My middle sister did not return to Nashville this year for Thanksgiving; she had to work. What she is thankful for most this year is living in Atlanta. The Metro Nashville police force had a little bit to do with that.

Eighteen

I had a good Thanksgiving up in Nashville this year. My mother was there, and so was my youngest sister, and the in-laws. Mom and father-in-law aren't in the best health. Youngest sister has progressed to angry adolescent - and become quite beautiful. It's as if at night her anger and body grow a little bit each day; being a teenager is so, so difficult. In a few years though, I know we'll get to be good friends again.
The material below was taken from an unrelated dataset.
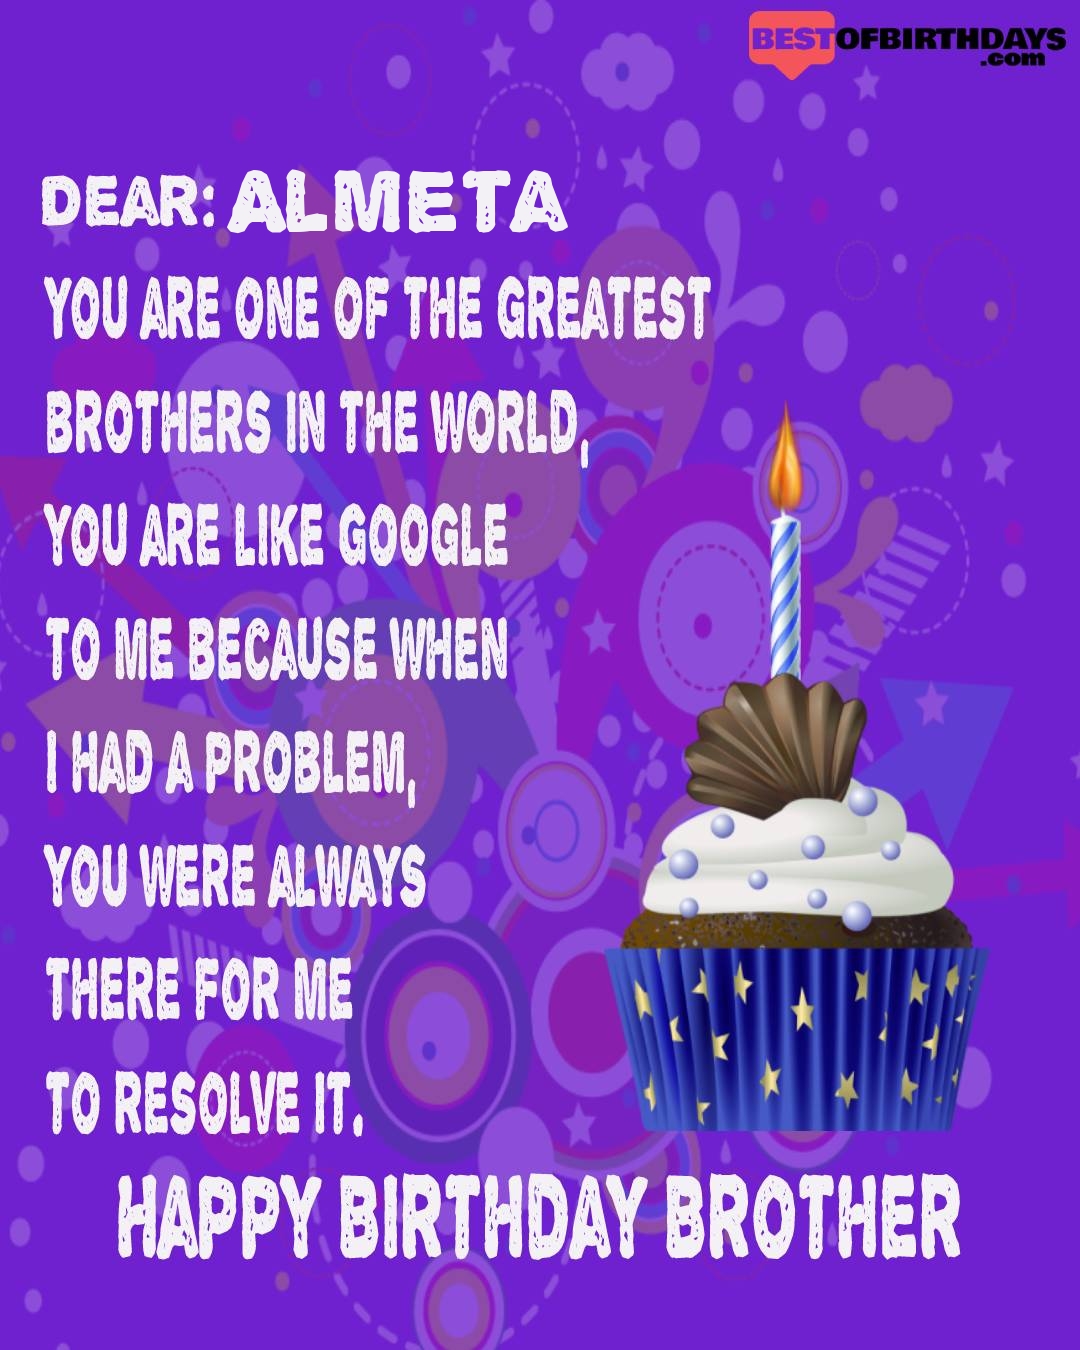 Happy birthday almeta bhai brother bro

I let go of a lot of my own teenage anger Thanksgiving weekend. I had a little help. When I was small, my Grandfather made me a cedar chest that I used for my toys. It's one of the things that survived my parent's divorce, but barely; my father, one night in a drunken rage, used a black permanent marker to graffiti all over the inside lid. He no doubt tried to smash the thing too, but failed. He was more successful in smashing the cedar chest my Grandfather had given my mother, which had more detail work that was easier to break.

I had avoided getting the chest of toys from my mom because I didn't know how to deal with dad's graffiti. It had become this physical symbol in my mind of how he was hellbent on destroying everything with his drinking, and every time I thought about the chest I felt like I wanted to vomit. But it was time; my mother is moving on with her life, and that means moving on with her furniture and decorating. She needed my cedar chest to leave her house.

The in-laws know a very good carpenter, an immigrant from Mexico who does some of the most beautiful detail work you've ever seen. He picked up the chest from my mother's house, and sanded down the graffiti. He looked it over; someone had tried to take a hammer to the legs, but found them unable to break. The carpenter admired my Grandfather's craftsmanship, and said this was a perfect example of a chest to give a child - nearly impossible to break but nice enough that they would still want it as an adult.

I sorted through the toys, painfully throwing out those that were now just rags, saving a couple of things, keeping the nicest ones for charity (and, OK, one or two for me). This weekend I'll move the chest into the new baby's room and start storing quilts in there. Maybe. The husband likes the chest so much he's arguing for it to go in our room. I don't know; the graffiti is sanded off, but the chest holds too much weight still.

I can't imagine how my mother feels when she looks at her piece; the divorce has been so expensive that she hasn't got the money to fix it yet. The back is smashed in, the feet broken off, the inside lid also defaced. It can probably be put back together, after some time and expense. I'm thankful for that. If it's one thing I quietly told myself this year in Nashville, it's that I'm thankful for the idea that some things can be fixed; you just have to find the right tools and know-how. Time helps, too.